Since vaccines began rolling out vaccines in late 2020 and 2021 more than 60% of the world’s population has been at least partially vaccinated while many low incomed countries face inequality in the vaccination drive, reports The nature.

The vaccination drive in the world

In little more than a year, ten billion doses of COVID-19 vaccines have been administered globally, in what has become the largest vaccination programme in history.

Many nations began rolling out vaccines in late 2020 and early 2021, and since then more than 60% of the world’s population — 4.8 billion people — have received at least one dose of one of more than 20 different COVID-19 vaccines that have been approved by nations for use around the world.

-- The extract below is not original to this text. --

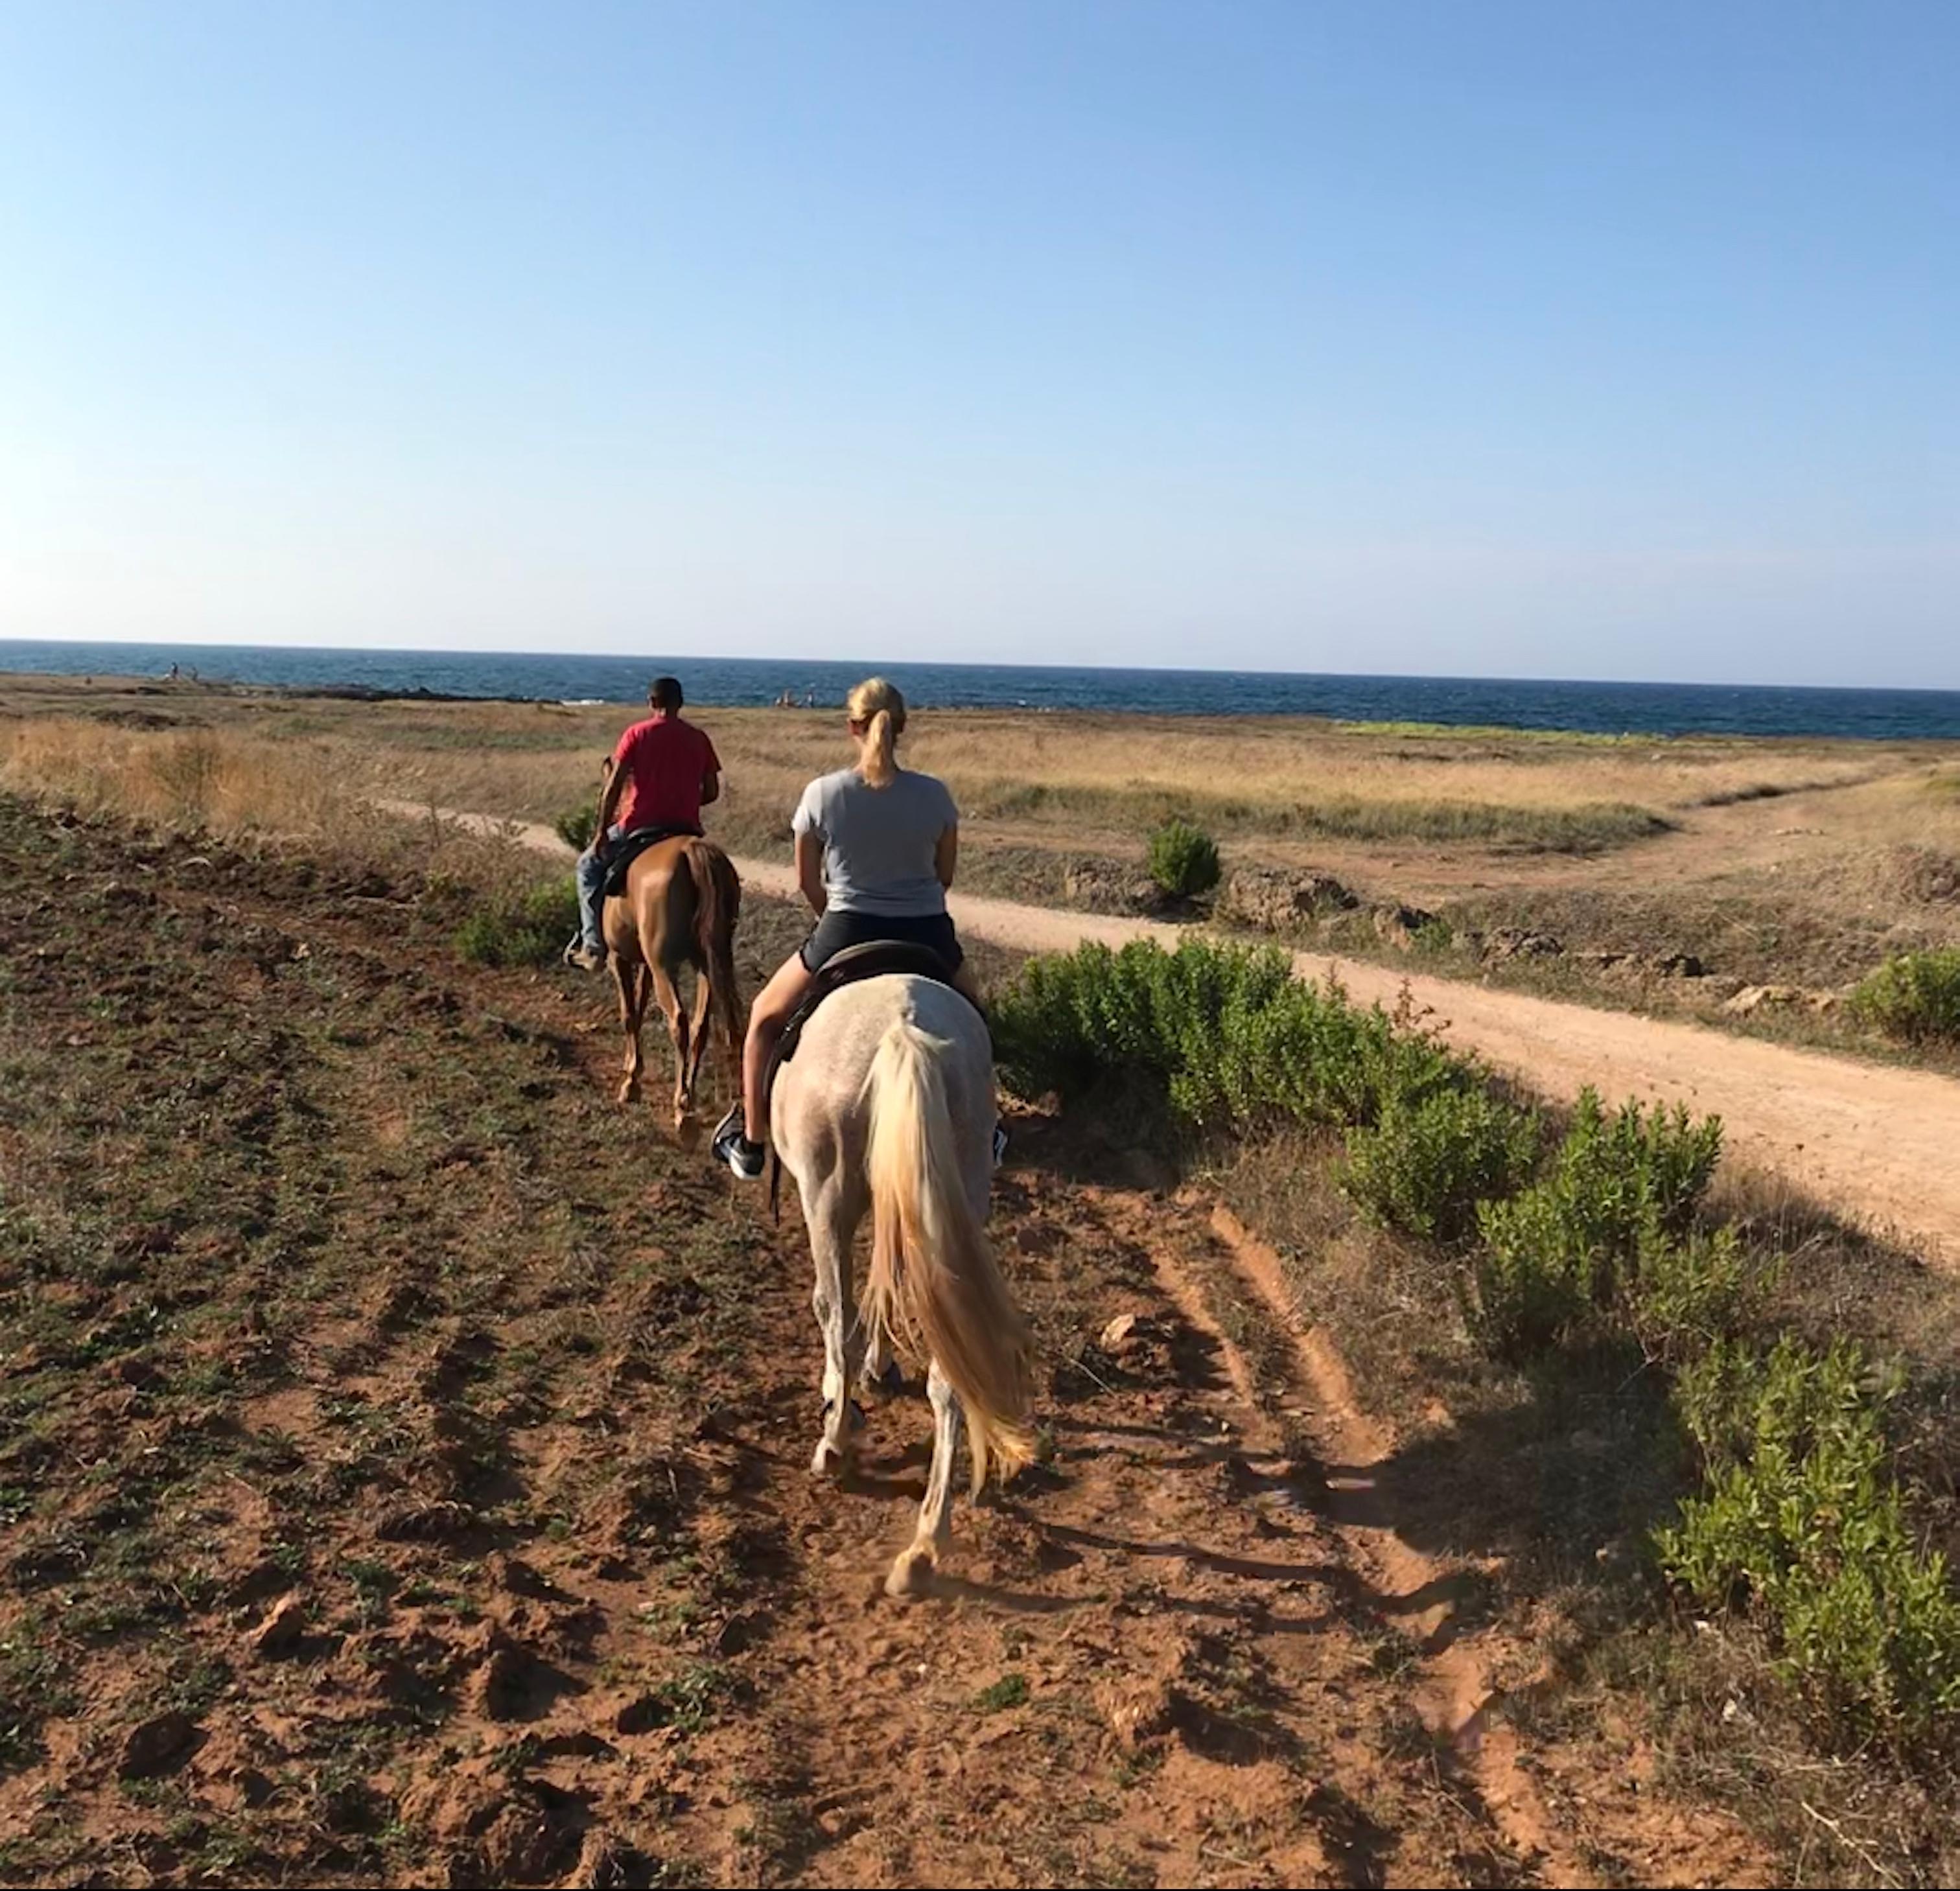 passeggiata-cavallo-mare-marina-ostuni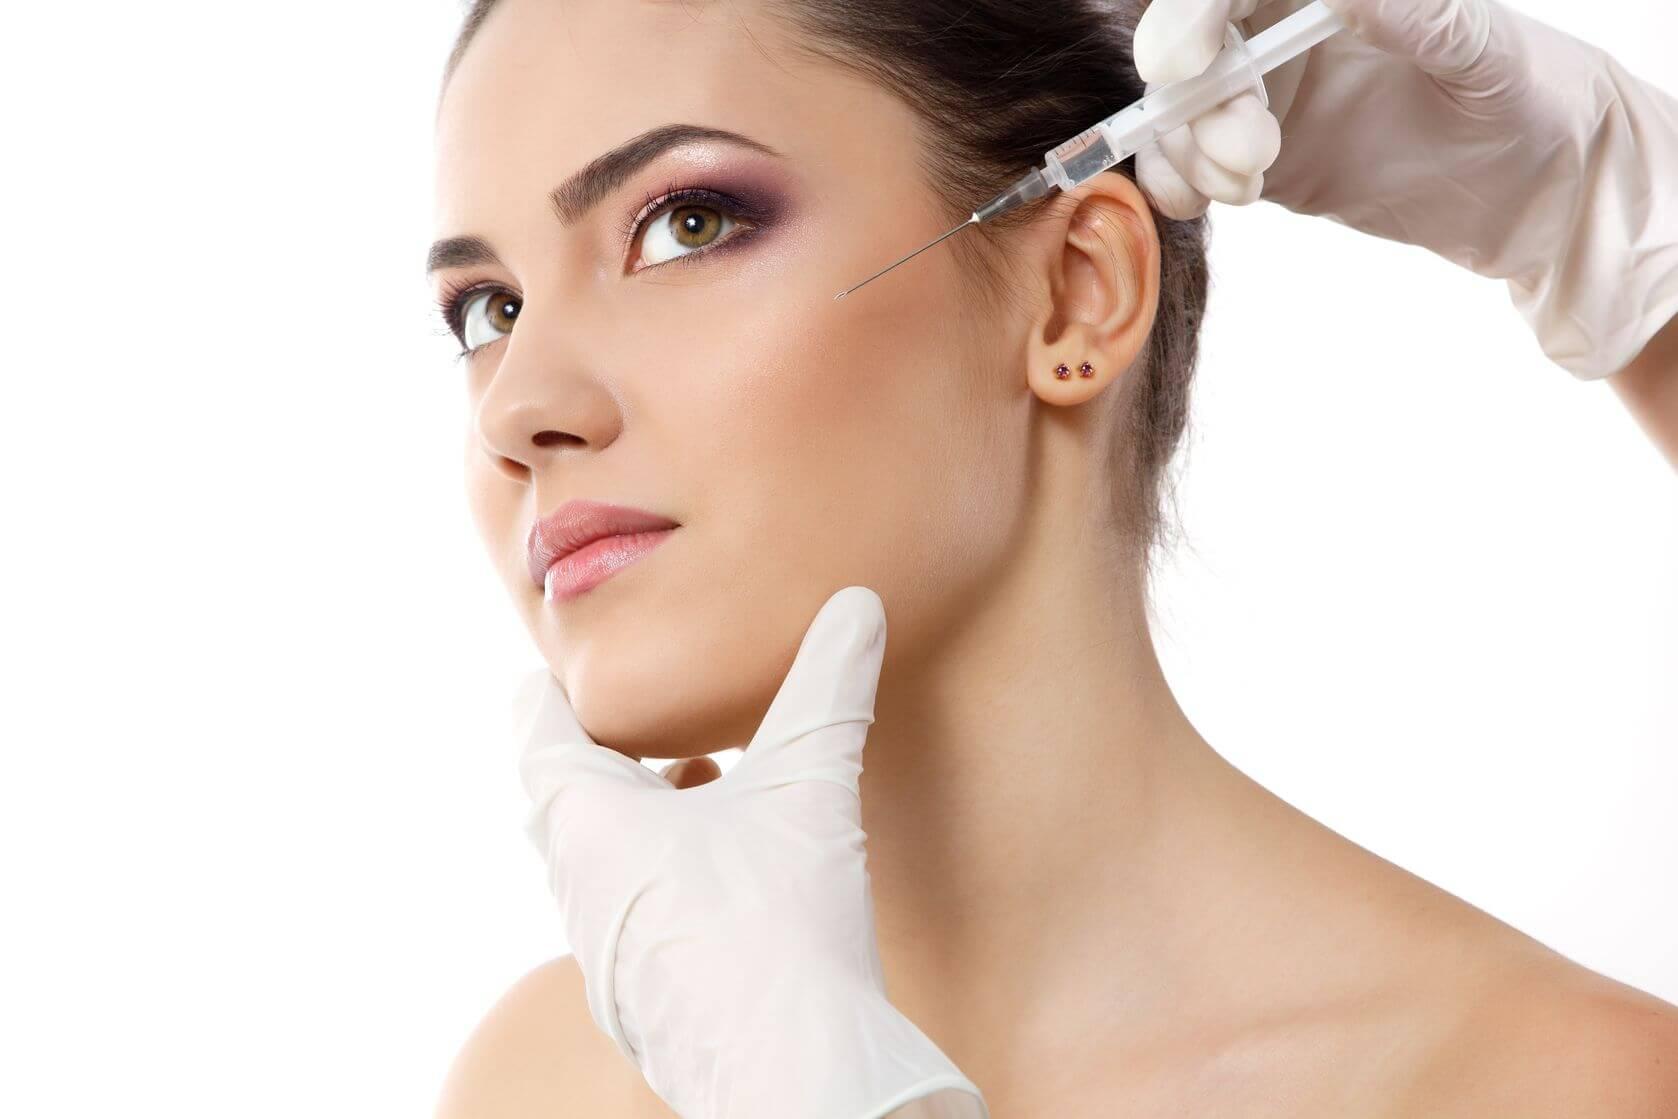 инъекционная косметология в минске

“The world has never seen such rapid scale-up of a new life-saving technology,” says Amanda Glassman, executive vice-president of the Center for Global Development in Washington DC. The effort underway is inspiring.

But — as researchers warned last year when the first one billion doses had been administered — there are still huge inequities in access, with just 5.5% of people in low-income nations having received two doses.

Catching up with the high and middle income nations

By contrast, many of the world’s high- and middle-income nations are now pushing ahead with programmes to deliver third, or even fourth doses, with these boosters currently making up around one-third of all COVID-19 vaccine doses administered each day worldwide.

Some scientists caution that this continued inequity increases the risk of new SARS-CoV-2 variants emerging from poorly vaccinated populations.

“As an African, the real significance of reaching ten billion vaccines administered is the extreme inequity that exists in vaccine distribution between the global north and global south,” says Mosoka Fallah, founder of Refuge Place International, a public-health organization headquartered in Bassa Town, Liberia. “Until we correct this inequity, the world will continue to see new variants.”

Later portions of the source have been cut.